Managed correctly and over a sufficiently long haul, 401k's can produce more money at retirement than traditional private-sector pension plans, new research suggests, though the risks are obviously higher.
Most people bemoan the loss of the traditional pension plan, and they cite its disappearance -- and the rise of the save-it-yourself 401k -- as key factors in the retirement crisis facing American workers. But new research suggests the new kid on the block is not to blame.
In fact, workers with 401k's in some cases are likelier to end up with more money at retirement than they would with a traditional private-sector pension plan, according to a study by the Employee Benefit Research Institute, a nonpartisan think tank in Washington.
Some people "have termed 401k's a failed experiment," said Jack VanDerhei, a research director at EBRI and author of the report.
"But it's just not what the evidence is suggesting," he said.
For example, lower-income workers who are now aged 25 to 29 and who remain eligible for their retirement plan for 30 to 40 years end up with a 15 percentage point higher income-replacement rate at retirement with a 401k than with a traditional pension plan, according to the study's median finding for that scenario.
"Replacement rate" means the percentage of annual income they'd be able to create from their account balance at retirement. (As an example, unrelated to the study, 80% of income is replaced versus 65%.)
A 401k is even more valuable for higher-income workers, the study shows.
Under the same scenario as above, but looking at workers who earn more, the difference in income replacement rates at retirement rises to 21 and 30 percentage points more for 401k's over pension plans, at the median, for people at the next two income quartiles.
The study found a hefty 44 percentage-point gain in favor of 401k's for workers at the highest income level, according to the median finding for the above scenario.
In the above scenarios, the EBRI study assumed historical rates of return on an equities and bond portfolio, and historical annuity costs. (In order to compare 401k's to traditional pension payouts, the research assumes that retirees purchase annuities at age 65.)
The report is based on data for more than 2 million plan participants, and accounts for the fact that not all people who have a 401k choose to save money in it.
If the study focused only on those who save, VanDerhei said, "that would clearly alter this and 401k plans would always do much better, especially for low-income workers."
But if you reduce the assumed rate of return, the traditional pension starts to look better for lower-income people, the study found.

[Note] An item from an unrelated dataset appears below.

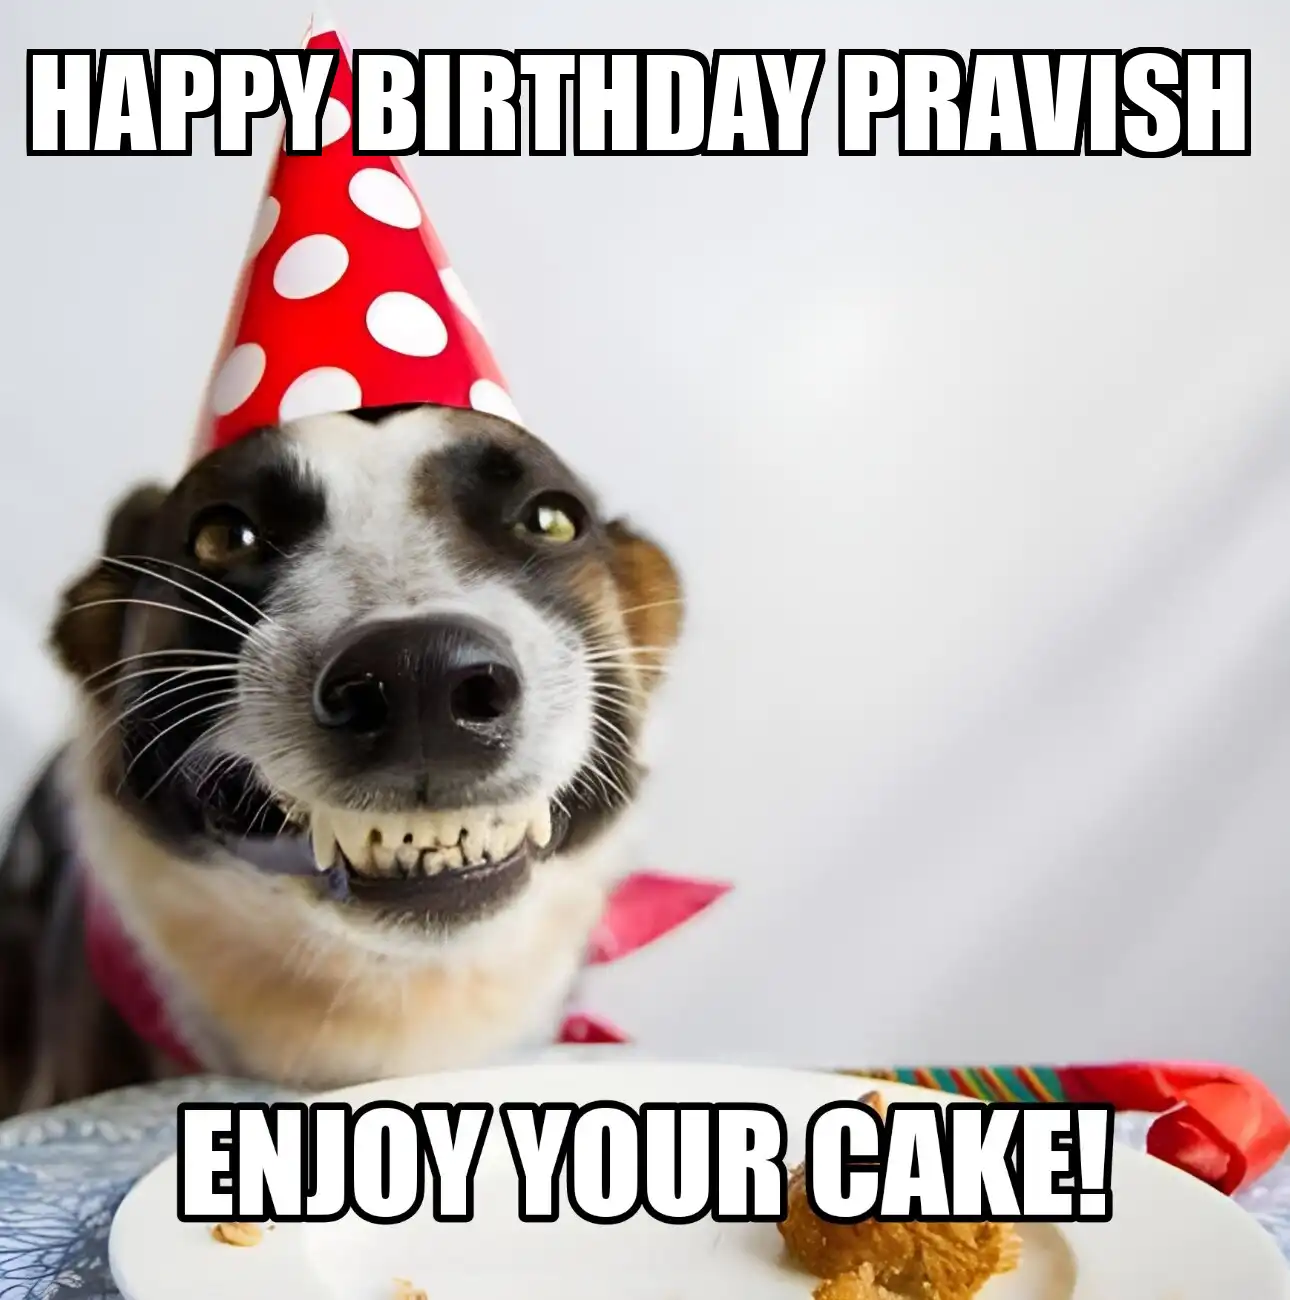 Happy Birthday Pravish Enjoy Your Cake Dog Meme

For example, when the rate of return is decreased by 200 basis points, a 25- to 29-year old lower-income worker who is eligible for a plan for 30 to 40 years would see his income replacement rate at retirement with a 401k plan drop to 4 percentage points lower than he would have enjoyed with a pension plan, at the median.
For the next highest income group in the above scenario, their replacement rate with the 401k would be 1 percentage point less than with a traditional pension.
However, for the two highest-income groups, the 401k is still better: that plan provides a 6 percentage point and 15 percentage point replacement-rate benefit over the pension, at the median, even when a lower rate of return is assumed.
And combining the lower-return assumption with a higher-cost annuity assumption (reflecting the current low-interest-rate environment, which is substantially different from recent history), then traditional pensions look even better.